→ **How to complete this task**
Each line below from the one containing "Chill Pill Enamel Necklace by Kris Nations" through the one containing "Quattro Stagioni 17" should be output exactly as it stands, and no other line should appear.

→ **Records for processing**
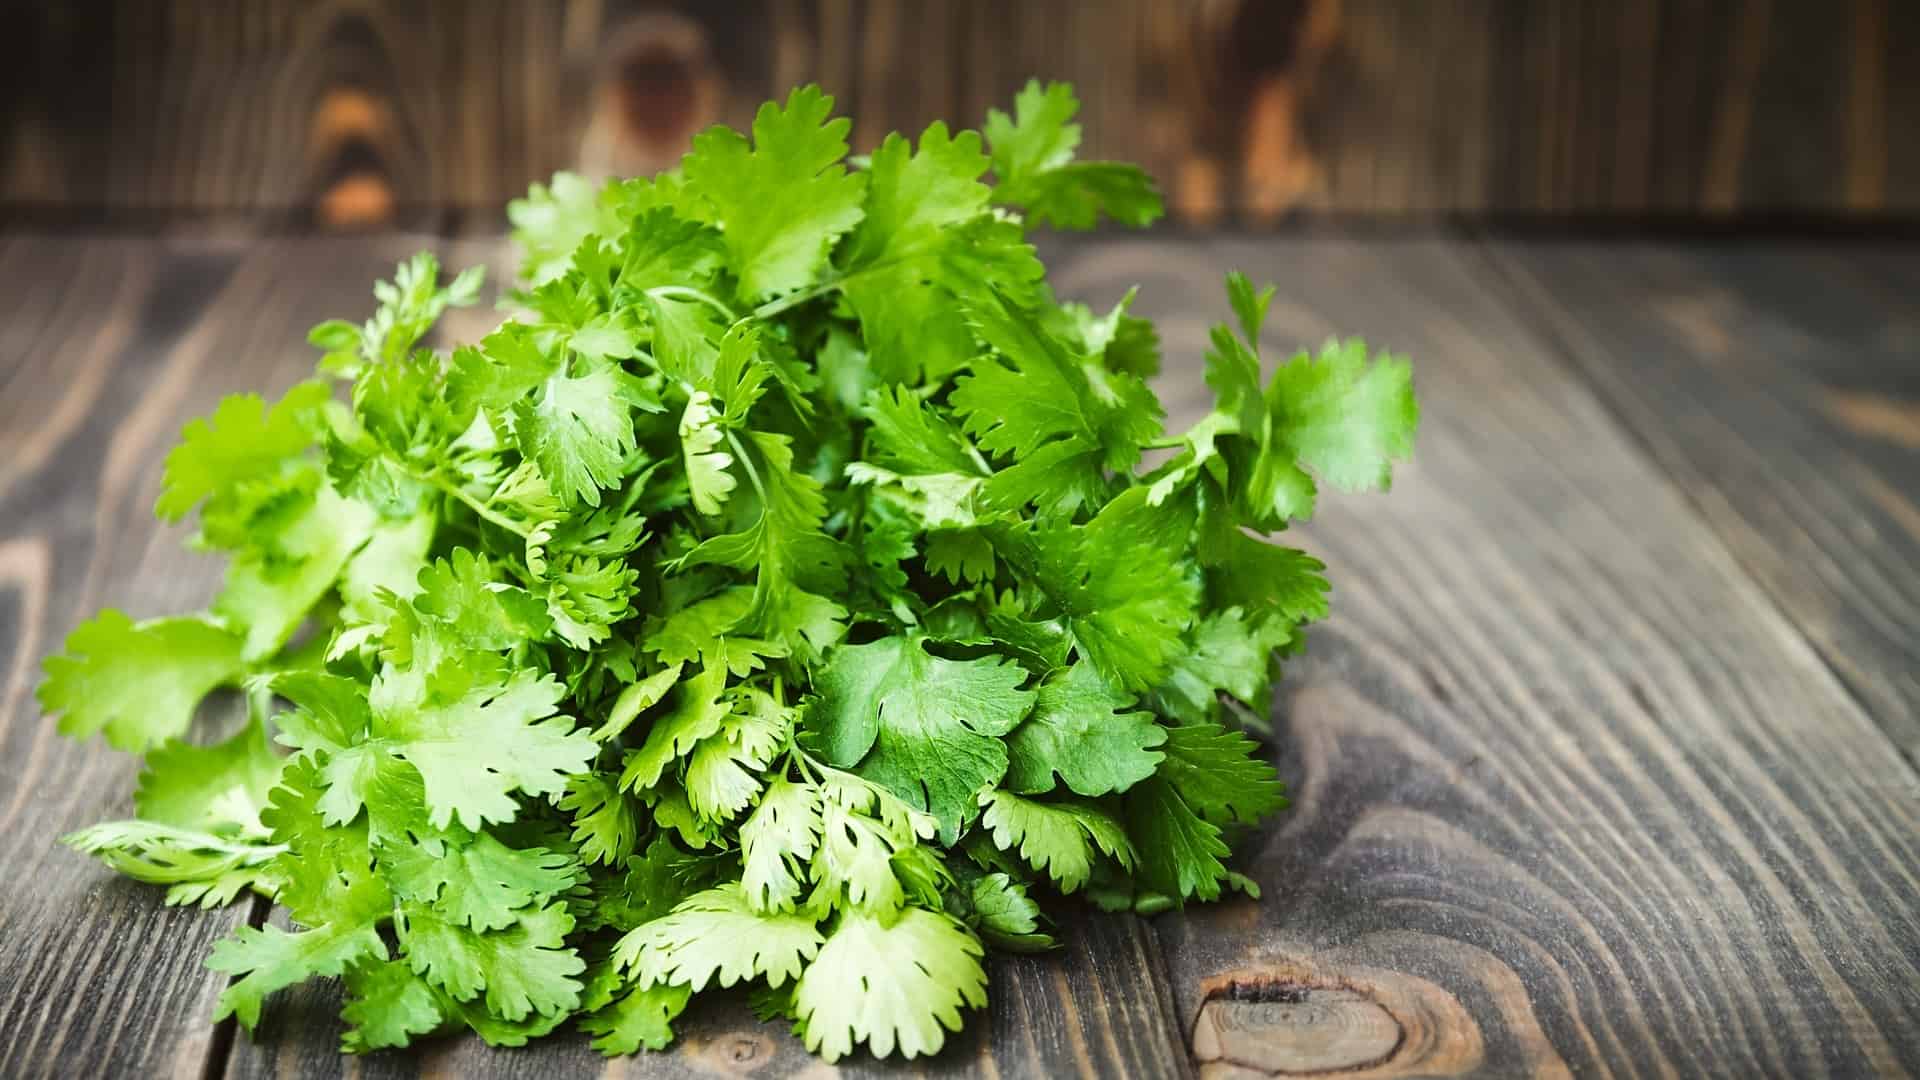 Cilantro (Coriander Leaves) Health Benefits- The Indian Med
...
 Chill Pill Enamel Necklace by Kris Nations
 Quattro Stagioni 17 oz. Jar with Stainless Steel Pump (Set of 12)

→ **Written solution**
 Chill Pill Enamel Necklace by Kris Nations
 Quattro Stagioni 17 oz. Jar with Stainless Steel Pump (Set of 12)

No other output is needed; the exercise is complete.